I noticed in Wikipedia that:

The random, isolated cirrus cloud does not have any particular significance. A cirrus castellanus cloud indicates that there is instability at the cirrus level.However, a large number of cirrus clouds may be a sign of an approaching frontal system or upper air disturbance. This usually signals a change in weather in the near future, usually becoming increasingly stormy.

This is a great way of thinking about my engagement with cloud computing too.
Each week I find and am alerted to remarkable resources and people who move my thinking on.
I have a good non-paper filing system for these but I have been thinking about a weekly aide memoir on line. So I am starting a Friday post that gathers the isolated cirrus of cloud conversations.
I hope some of them are of interest to you too. Many of the starts of my searches are prompted by Stephen Downes’ OLDaily. In the last few weeks I have found more and more links through Diigo and LinkedIn too. Twitter runs in the background and I am finding Gist helpful in following some conversations.
Cirrus this week included:
News of an Australian Industry Task Force on Cloud Computing (26 May)
Report of a Virtual Visiting project (26 May) involving Aged Care eConnect
A SoundCloud recording What Should Be taught In Our Schools? (26 May)
Phenomenography (25 May)
Adventures in Radical Learning website (25 May)
Chris Betcher’s post You Don’t Have To Like It (24 May)
I just cannot accept excuses about technology being optional, whether it’s from someone who is new to teaching or others who are close to retirement. There are children in those classrooms every day who deserve the best education we can offer them, and it is completely unfair if that education is less than it should be because someone wants to pick and choose which aspects of their job they feel are important.  No child should have to put up with out of date learning experience just because their close-to-retirement teacher is “taxiing to the hangar”.
News of the review of government schools in the ACT. (24 May)
Notes from the CHI 2011 Workshop on Personal Informatics and HCI (24 May)
Sydney Quantified Self Meet Up (24 May)
Chris Betcher’s post on The Cloud (23 May)
Discussion about Thought Technology (23 May)
Report of an Inquiry into School Libraries and Teacher Librarians in Australia (23 May)
Visualisation blogs (22 May)
I signed up for Change, Education, Learning and Technology (22 May).
Being connected changes learning. When those connections are global, the experience of knowledge development is dramatically altered as well. Over the past four years, a growing number of educators have started experimenting with the teaching and learning process in order to answer critical questions: “How does learning change when formal boundaries are reduced? What is the future of learning? What role with educators play in this future? What types of institutions does society need to respond to hyper-growth of knowledge and rapid dissemination of information? How do the roles of learners and educators change when knowledge is ubiquitous?”
I posted about other things I had heard or read this week (Curation, River Water and Observation, Openness and Curiosity).
Photo Credit
Cirrus clouds horsetails over the Illinois River, view north from Grand View 3


  1. Hi Keith,
    you know the thing about cloud that doesn’t get enough air-time is how in many cases it’s just another commercial and delivery model for pre-existing technology. Often, the cloud service itself is nothing new, it’s just billed in a utility fashion and provided remotely.
    That said, it’s still an important shift, but I make the distinction that in many cases the service itself is not something new per se.
    I like those cirrus clouds, though.

    • Giri
      Thank you for finding this post. I take your point.
      I think it is possibly because I am an agnostic optimist … keen to explore open access spaces that support the risk management of storing and using ‘cloud’ resources … that I am so interested in this issue. Earlier in the week I wrote about curation as part of this shared responsibility for discoverable resources.
      Your vast experience of the industry is a most welcome addition to this discussion.
      Trust you are having a delightful day.

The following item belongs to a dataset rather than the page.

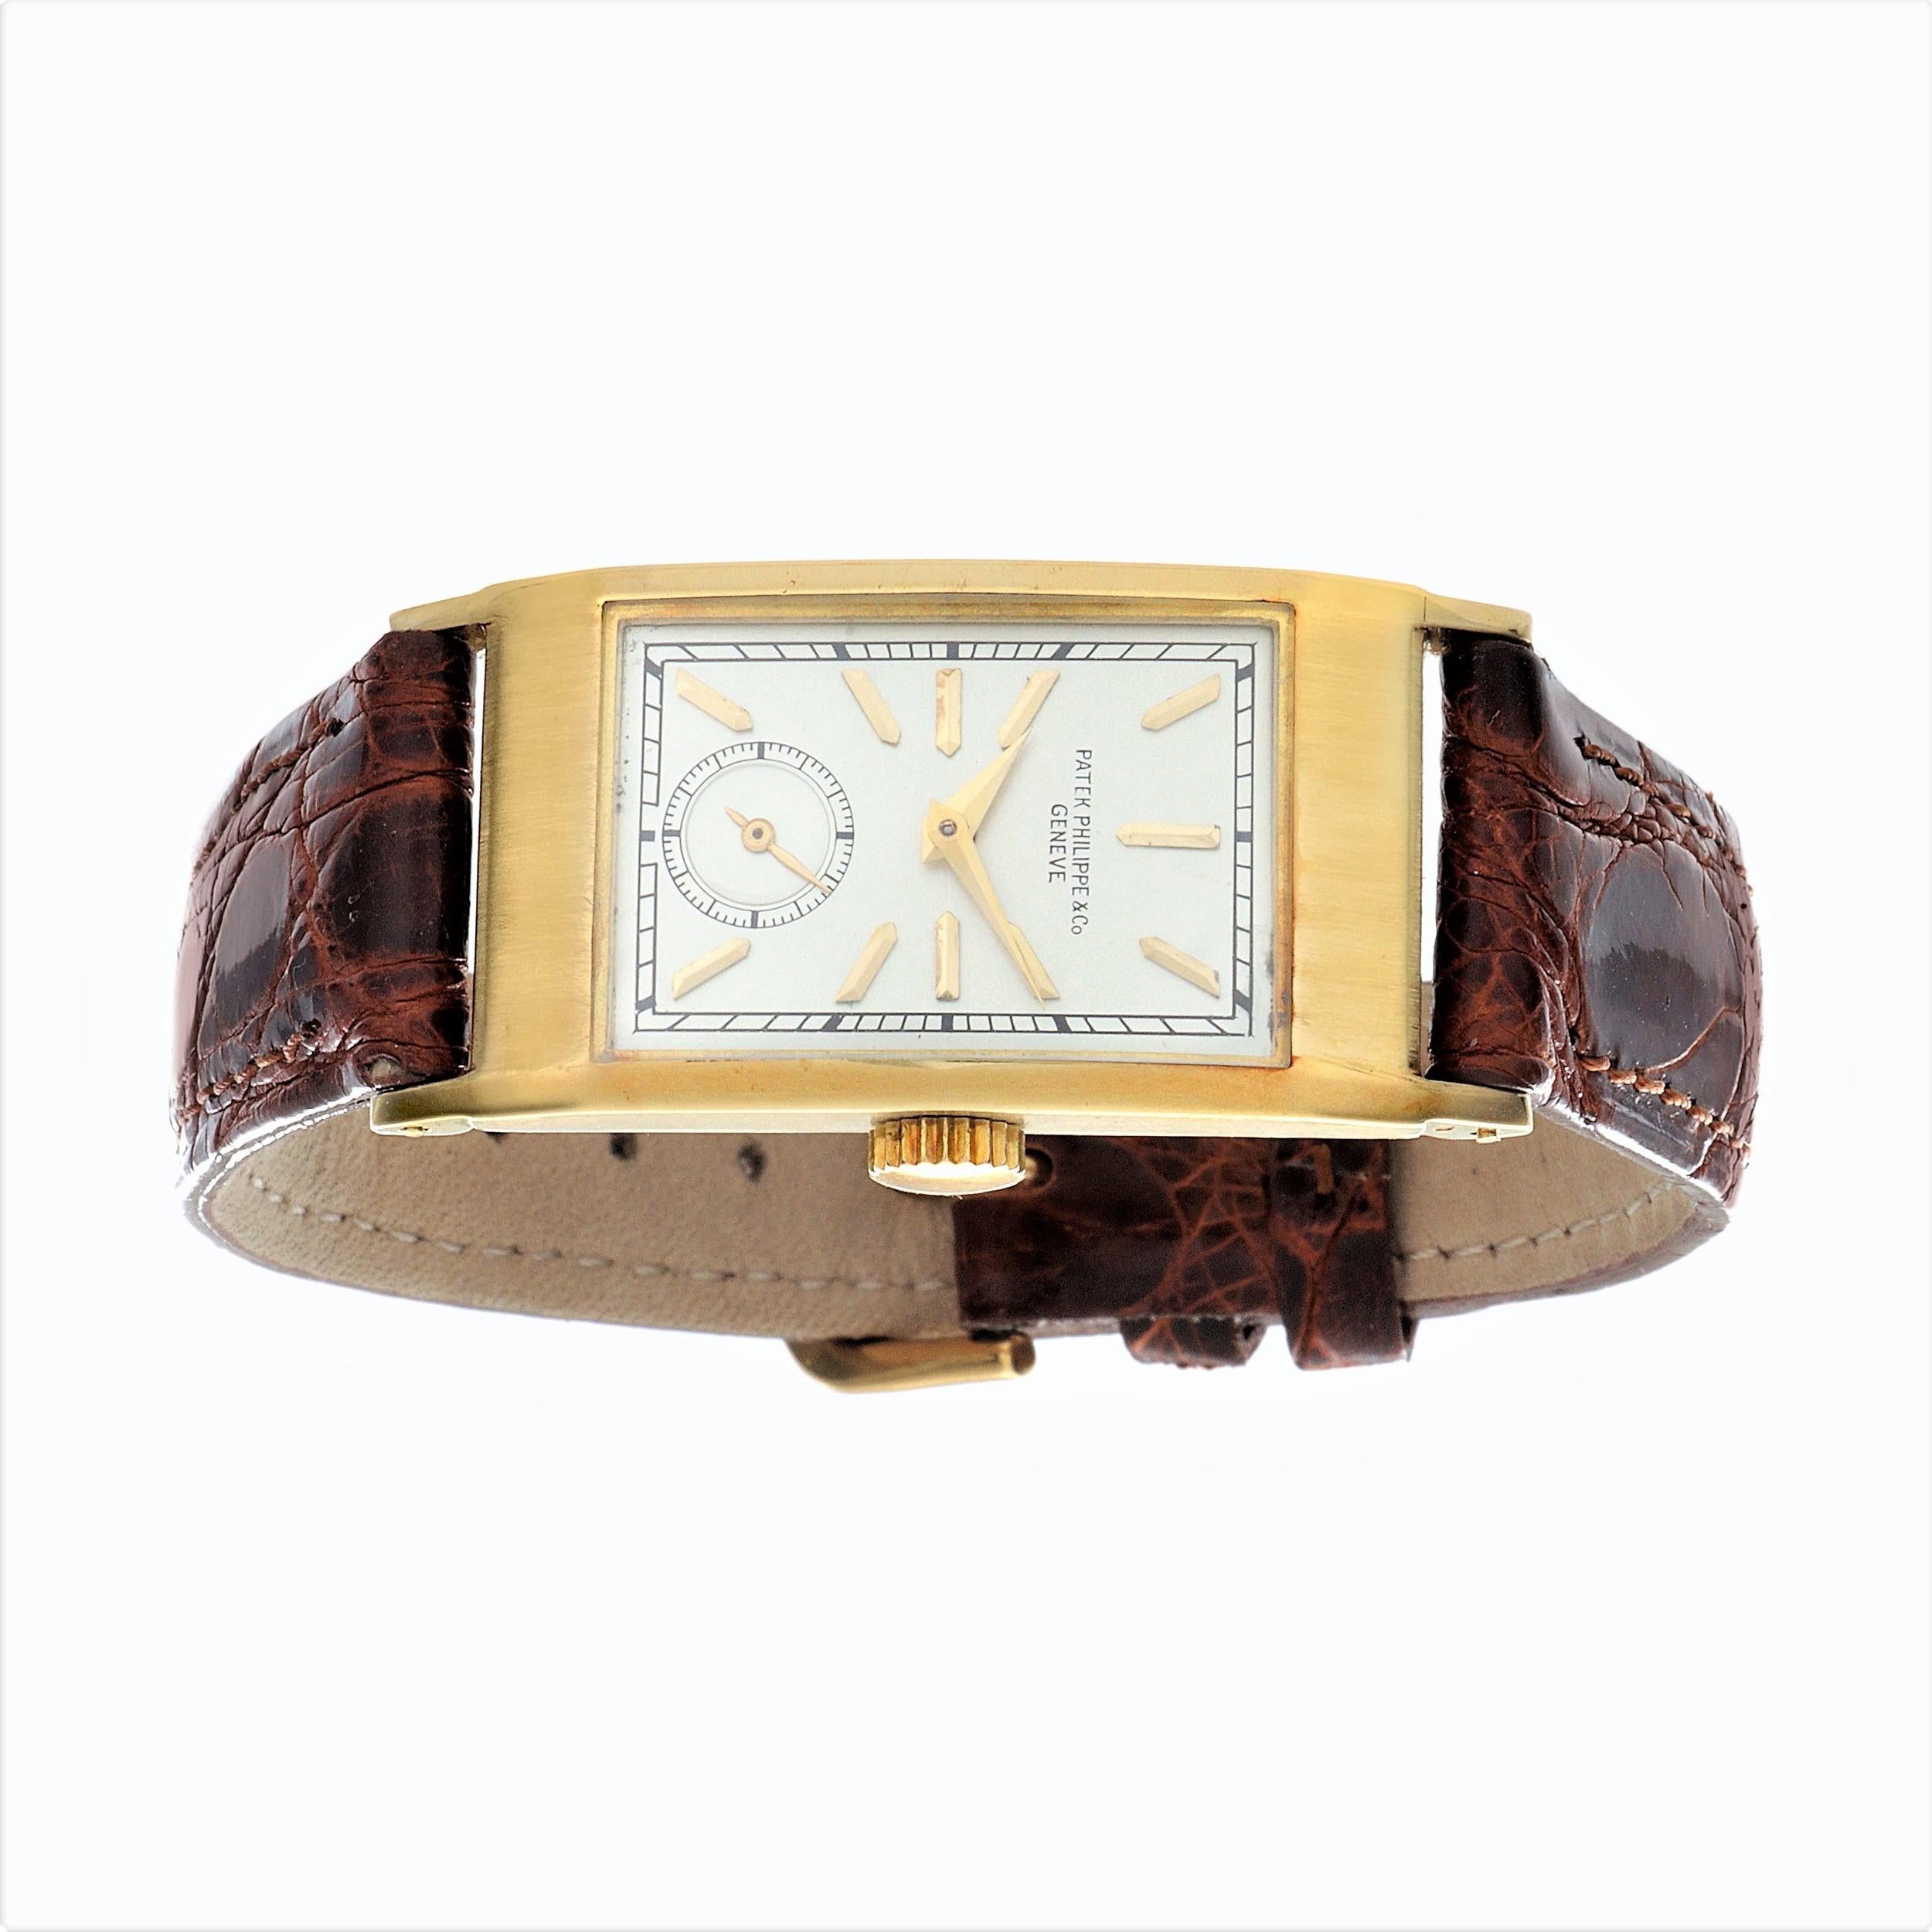 Einleitung:
Patek Philippe 425J Tegolino Art Deco-Uhr, Maße 42,5 x 20,5.  Die Uhr ist mit einem Kaliber 9

  2. The risk management is a huge issue, you’re right. In fact not so long ago Google lost 40000 consumers’ email accounts’ contents. Would you risk your commercial or business email to even a 0.5% of permanent loss of everything? Probably not.
    Whether a cloud service includes backup is crucial.

    • I agree, Giri.
      I liked Morten Myrstad’s extensive post Content Curation – Growing Up and Coming of Age. It is a treasure trove of links and ideas that explores some of the business issues surrounding curation.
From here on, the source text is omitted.